To an extent yes. I'd fully expect the Ruby version to run more code after the
block has been executed, the Python version much less so (even though it is
possible) for instance.

------
munificent
This is a pretty neat pattern. One nice bonus is that the code invoking the
closure has a chance to do work _after_ the closure. This lets you do nice
"scoped" behavior automatically. For example, in his Ruby code:

    
    
        data_source.person(id) do |person|
          person.phone_number = phone_number
          data_source.update_person person
        end
    

I would take that `update_person` call and have the `person(id)` method do
that implicitly:

    
    
        data_source.person(id) do |person|
          person.phone_number = phone_number
        end
    

(I'd likely optimize for the case where the person wasn't actually modified
too.) This way, the caller doesn't have to remember to explicitly update the
person.

Another way to look at this pattern is as a poor-man's pattern match. For
example, using the pattern-matching syntax of my language[1], you could do:

    
    
        match dataSource person(id)
        case person is Person then
          person phoneNumber = phoneNumber
          dataSource updatePerson(person)
        end
    

Granted, that's more verbose here, but it lets you have other cases if that
makes sense for your problem. Magpie has blocks too, so a literal translation
would be:

    
    
        dataSource person(id) as person do
          person phoneNumber = phoneNumber
        end
    

For very short blocks, you can use an implicit parameter name similar to
Scala:

    
    
        dataSource person(id) do _ phoneNumber = phoneNumber
    

The `do` notation is just syntactic sugar for passing a function as the last
argument, so you can also do:

    
    
        dataSource person(id, fn(person) person phoneNumber = phoneNumber)
    

How did I get derailed talking about Magpie?

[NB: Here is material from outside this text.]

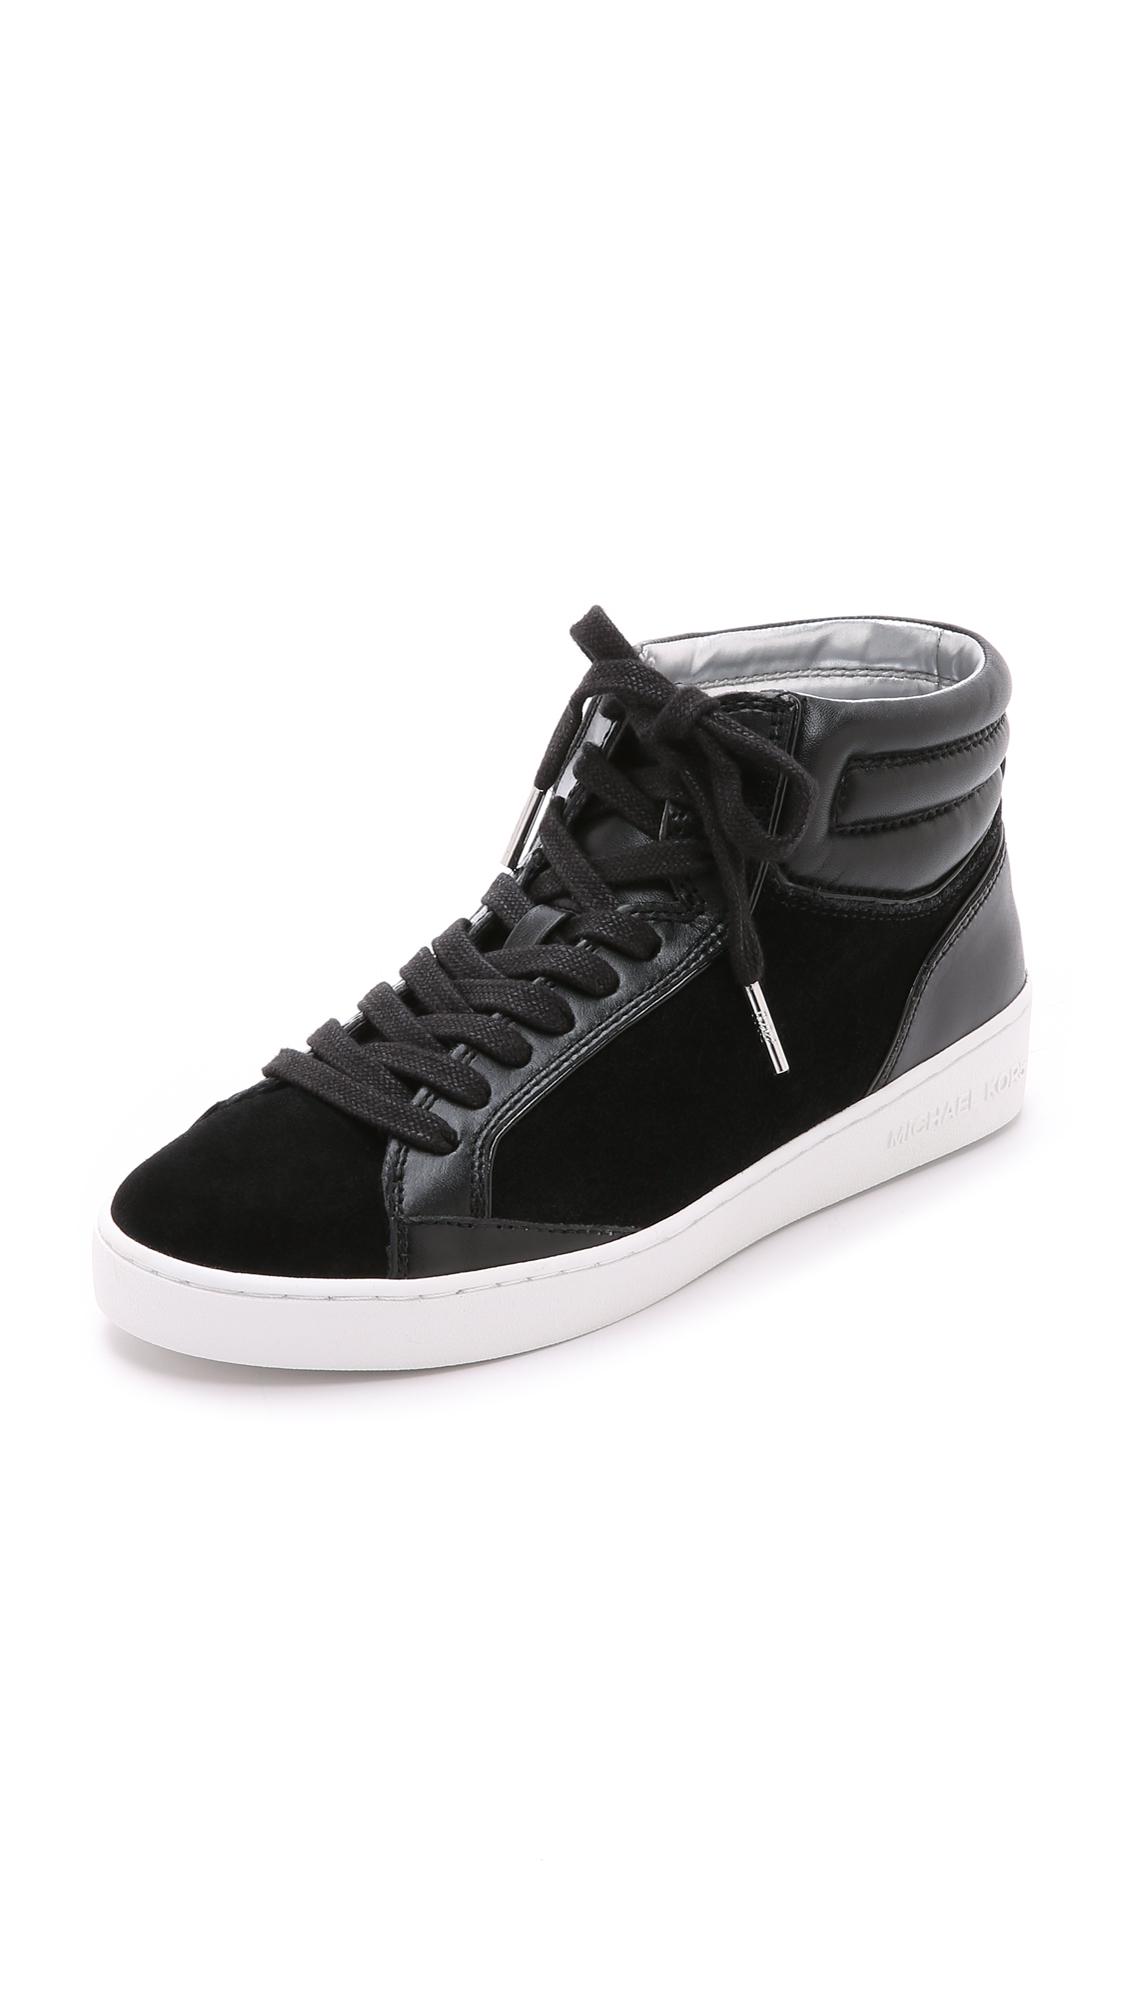 michael michael kors paige high top sneakers black in black lyst. Black Bedroom Furniture Sets. Home Design Ideas

[1]: [http://magpie-lang.org/](http://magpie-lang.org/)

------
batterseapower
This is just the Church encoding of Haskell's Maybe type. It is indeed a
powerful way to simulate algebraic sum types when you only have product types
in your language.

------
wwweston
Anybody who's written much JavaScript without a jQuery-like function should
appreciate this too -- used to be much more common to have code littered with
checks to see if a dom element existed, then do an operation if it did.
Performing an operation over a set (including empty) of elements seems easier.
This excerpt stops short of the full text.